Como avaliar o próprio sono de forma mais realista

Muita gente, ao acordar, olha primeiro para o relógio inteligente para “ver” como dormiu. Este estudo lembra que esses números mostram apenas uma parte da história.

Métrica O que mostra O que não mostra
Duração do sono profundo Profundidade objetiva de certas fases Até que ponto a mente se afastou das preocupações
Períodos de vigília durante a noite Interrupções do sono Quão recuperador foi o tempo entre interrupções
Frequência cardíaca e respiratória Esforço e repouso do corpo Riqueza e intensidade dos mundos oníricos

Para uma leitura mais fiel da qualidade do sono, vale a pena juntar as duas perspetivas:

  • dados de medição de dispositivos vestíveis ou de um laboratório do sono
  • perceção subjetiva: até que ponto me senti “longe” da realidade durante a noite?
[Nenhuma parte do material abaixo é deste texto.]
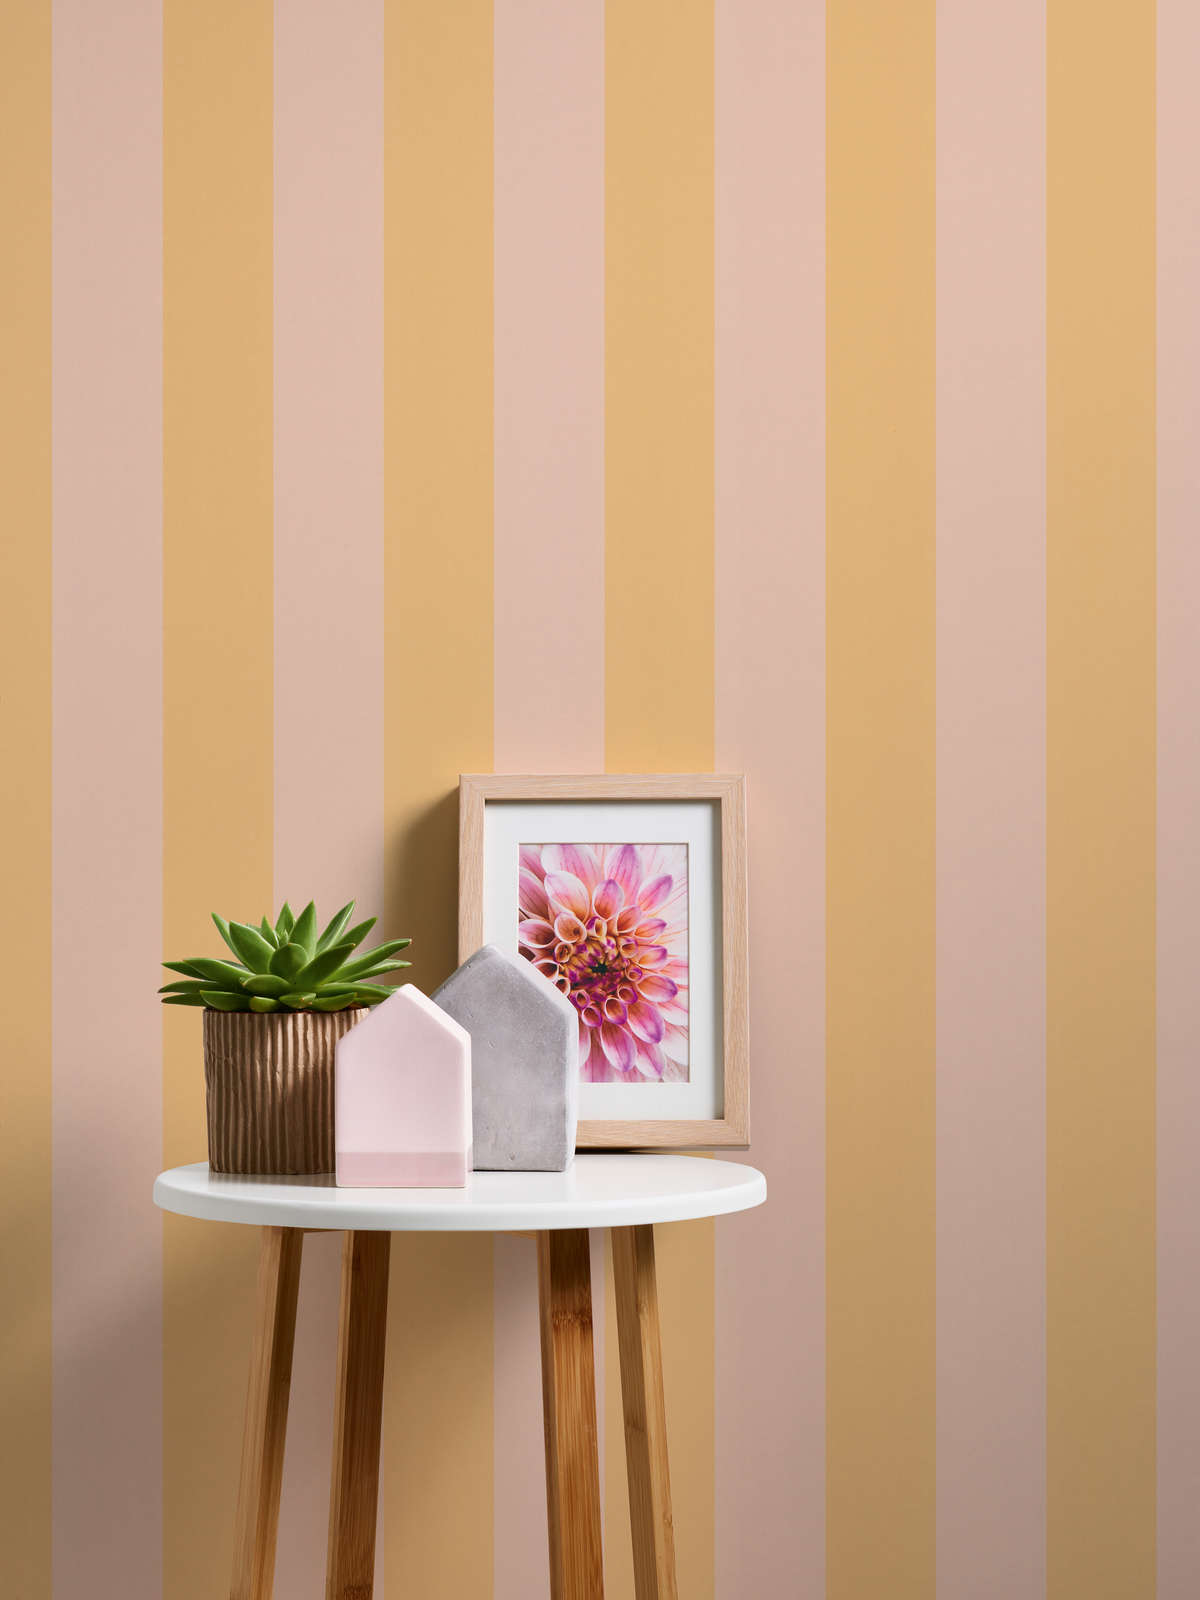             Papel pintado no tejido con rayas en bloques en tonos suaves - naranja, rosa

Ideias práticas para “desligar” melhor por dentro

Com base no estudo, é possível retirar algumas sugestões úteis para o quotidiano. Não garantem um sono perfeito, mas podem criar melhores condições para estados de sonho mais intensos:

  • Limitar o ruminar: evitar discussões acaloradas ao fim do dia, não fazer a declaração de impostos à noite, e não entrar em maratonas de e-mails de trabalho.
  • Criar rituais: um ritual consistente ao deitar ajuda o cérebro a perceber que é tempo de largar o controlo.
  • Usar imagens mentais: muitos programas de sono recorrem a “histórias internas”, como uma viagem imaginária para um local calmo.
  • Reduzir luz e ecrãs: menos luz azul intensa favorece o afastamento do mundo exterior.
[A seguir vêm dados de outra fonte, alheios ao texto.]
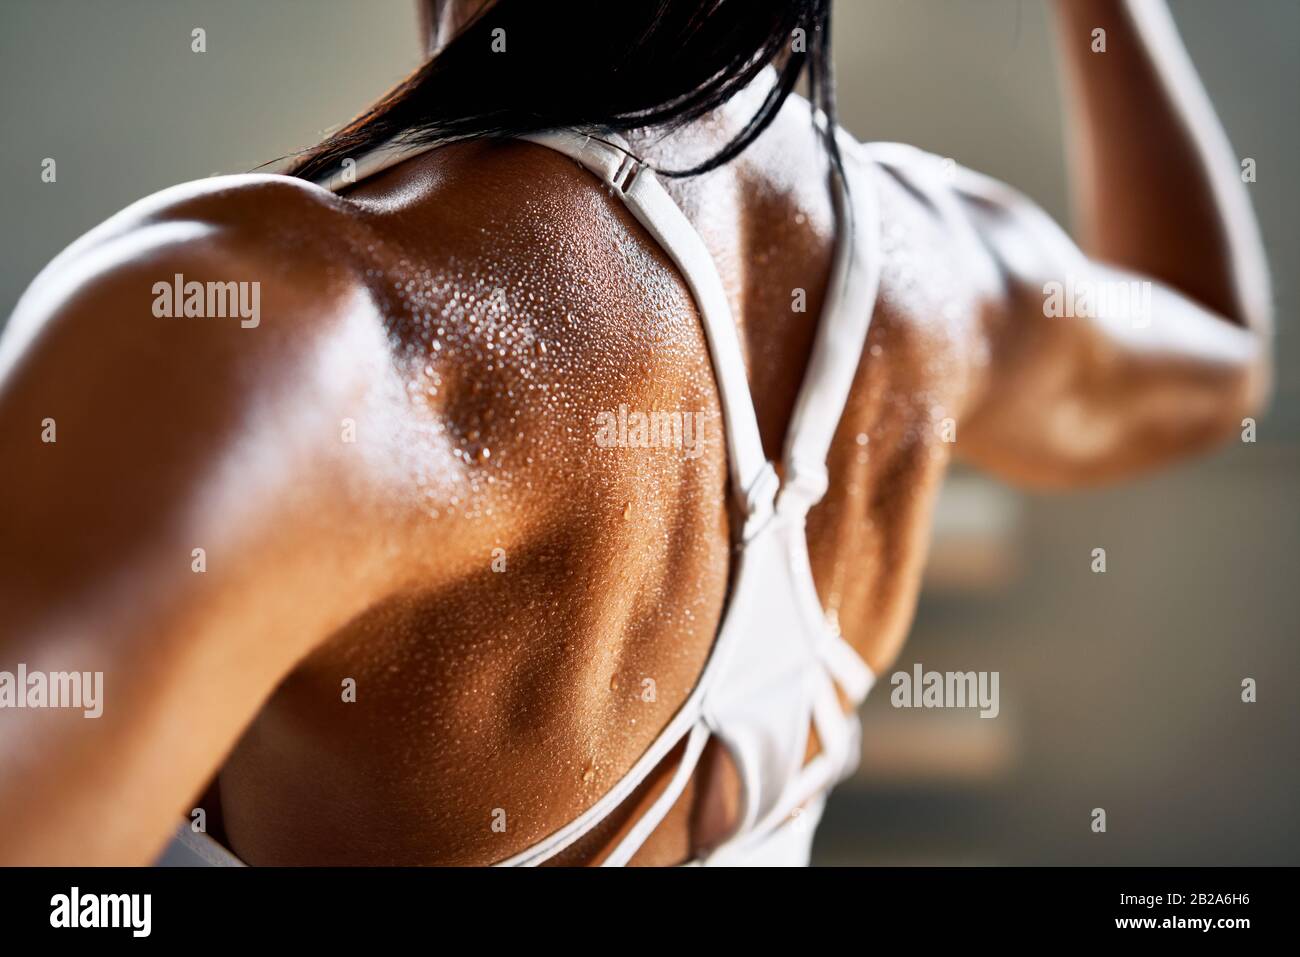 Primo piano della donna con la flessione dei muscoli nel sudore sulla pelle dopo l'allenamento. Bodybuilder femminile con bicipite perfetto Foto Stock

Uma questão interessante para o futuro é saber se a experiência de sonhar pode ser modulada de forma intencional para aumentar a sensação de recuperação - sem medicação, apenas com técnicas mentais. Algumas abordagens da psicologia, como o sonho lúcido ou o imagery rehearsal em pesadelos, sugerem que o cinema noturno é, pelo menos em parte, influenciável.

Para já, fica uma mensagem simples para a vida real: se não atingir todas as noites valores recorde de sono profundo, não há motivo para pânico imediato. Quando a mente consegue mesmo desligar e mergulhar nas suas próprias histórias, o sono pode parecer mais restaurador do que aquilo que os gráficos frios indicam.